Mercredi 15 novembre 1882
# Mercredi 15 novembre 1882
Je suis à Paris ! Nous sommes partis jeudi soir. Nicolas et Michka nous ont accompagnés jusqu'à la première station et Paul et sa femme jusqu'à Harkoff.
Nous sommes restés vingt quatre heures à Kiew et Julie (la fille d'Alexandre) est à l'institut. Elle a quatorze ans, elle est charmante.
Le voyage a été égayé par des commentaires et inventions sur les Kotchoubey, c'est-à-dire sur le cadet qui s'appelle Basile et cela me fait rire.
Et sur Alexandra, la femme de Paul. Nous l'appelons Alexandra parce que Basile lui a baisé la main... C'est-à-dire, voici Dina causait avec Basile et Mme Paul est venue se planter devant lui et à brûlé [son] pourpoint: moi je suis froide comme un marbre !
- - Pourquoi donc madame, pourquoi donc ?
- - Je n'ai jamais aimé ! (les yeux au ciel).
- - Ah ! bah !
- - Jamais ! (soupir)
- - Alors [Mots noircis: vous savez les outrances] de la vie, il faut que je vous les explique... Lui blagueur et elle sentimentale et flattée. En prenant congé il lui a baisé la main. Mais il n'y avait rien là, seulement comme nous étions entrain de plaindre Paul, car il est bien à plaindre, et à énumérer les défauts de sa femme, quelqu'un a parlé de sa vanité et de sa bêtise de bourgeoise et alors moi je crois j'ai dit qu'elle se croit duchesse et qu'elle se dit: pourquoi me suis-je dépêchée, j'aurais pu épouser un Kotchoubey. Je suis sûre qu'elle se le dit bien que sans nous elle n'aurait seulement pas vu la livrée de leurs domestiques. Alors maman s'est mise à dire que dans ce monde il n'arrive que des choses folles et à citer tous les grands seigneurs et tous les richards qui ont épousé des femmes divorcées et ordinaires et bêtes etc. etc. Vous connaissez maman. Ça se passait en wagon et je me suis amusée et en faire une scie de sorte que le troisième jour nous avons commencé à croire que c'est arrivé et à nous rassurer mutuellement comme s'il y avait danger. Je vous en parle pour en venir à ceci que ce pauvre Paul a fait un fichu mariage. Tout ce qu'elle a, c'est une jolie figure et pas quand elle parle car les dents sont affreuses et il en manque une ou deux sur le devant. La poitrine pend jusqu'au ventre et les doigts sont si courts qu'il n'y a pas eu de place pour les ongles que le Bon Dieu a escamotés presque entièrement. Vous voyez, voilà ma jalousie de Basile qui perce.

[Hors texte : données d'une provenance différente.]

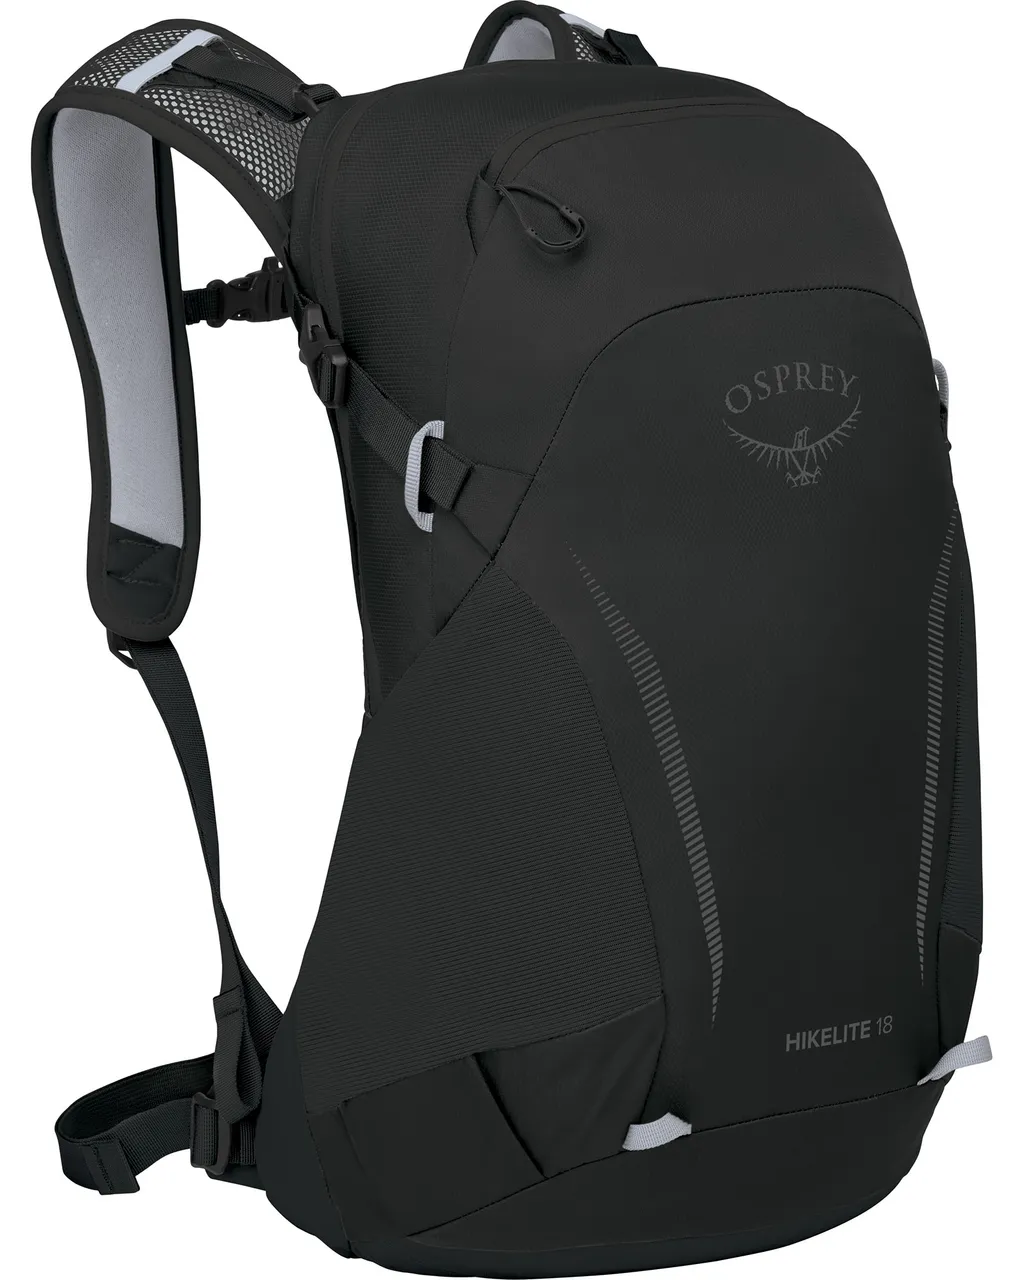 Osprey Hikelite 18 Backpack - black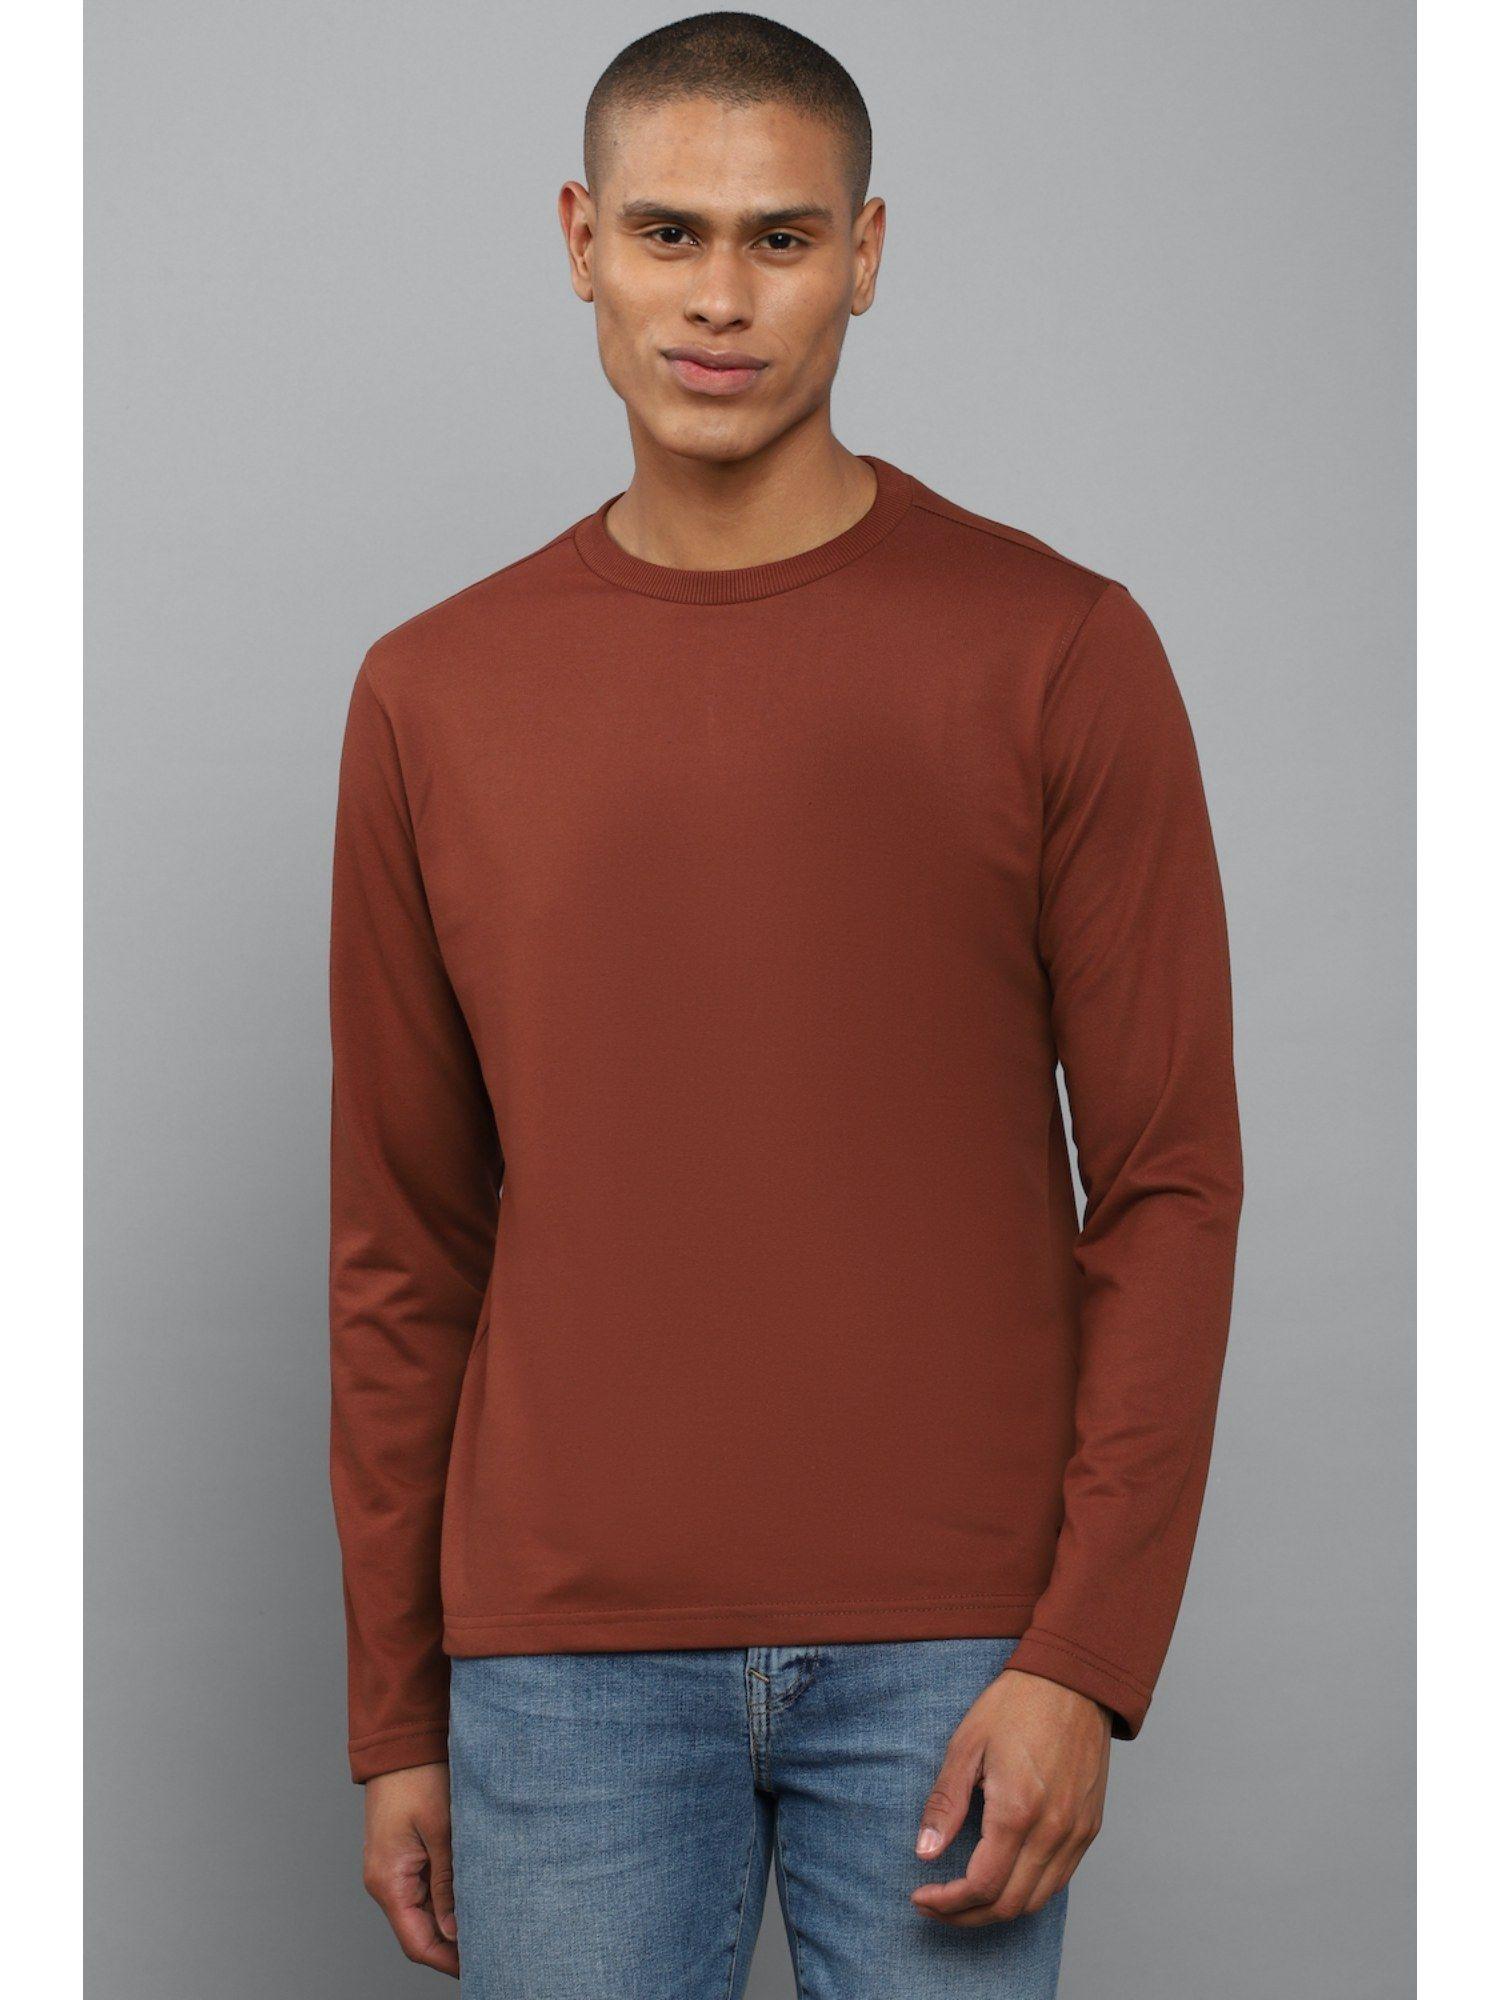 men-brown-crew-neck-full-sleeves-casual-sweatshirt

Voilà pour le physique, quant au moral elle est bête, vaine, orgueilleuse et fausse. Maman ajoute qu'elle est méchante, je ne le sais pas, mais pour les autres choses je n'en doute pas. Tirée de la bourgeoisie, de la crasse provinciale par Paul, elle croit que tout cela lui est dû et cache une vanité de sotte et d'ignorante sous des dehors mielleux. Elle me baise les mains [Mots noircis:et se croit] ma supérieure en tout. Paul a force d'amour lui a fait croire qu'elle ne peut vivre qu'à Paris et qu'elle n'a jamais été dans le monde de Poltava, il le croit lui-même, comme Bojidar croyait à la virginité de Sarah Bernhardt dont le fils a été à l'école avec lui. Enfin... Elle ne l'aime pas du tout. L'autre jour elle lui a fait une scène parce qu'il est venu la réveiller à deux heures du matin pour lui raconter comment nous avions passé la journée à Poltava. Et elle s'en est plainte à moi qui lui ai répondu très amicalement que ce n'était vraiment pas si atroce que ça et que nous nous étions amusés; qu'elle n'avait pas été là, Paul a voulu tout de suite partager ces bonnes impressions, que je trouvais cela gentil et aimable, à quoi elle m'a répondu que j'en parlais bien à mon aise.
- - Qu'auriez vous dit, vous à ma place, tenez j'irai vous réveiller la nuit prochaine et nous verrons comment vous me recevrez me dit-elle.
- - Mais ma chère tu n'es pas mon mari toi !
Elle est bête. Et elle se croit belle avec ses mauvaises dents et son éternelle cigarette; des cigarettes très longues qu'elle fume sans chic. Mais là-bas à Poltava on ne voit que sa jolie figure. Quant à Basile et je suis comme ces deux menteurs de Marseille qui voyant courir tout le monde vont à leur tour voir si vraiment le port est bouché par la baleine... Donc... (j'y tiens) donc si Basile fait seulement un signe, Paul sera le plus heureux des maris.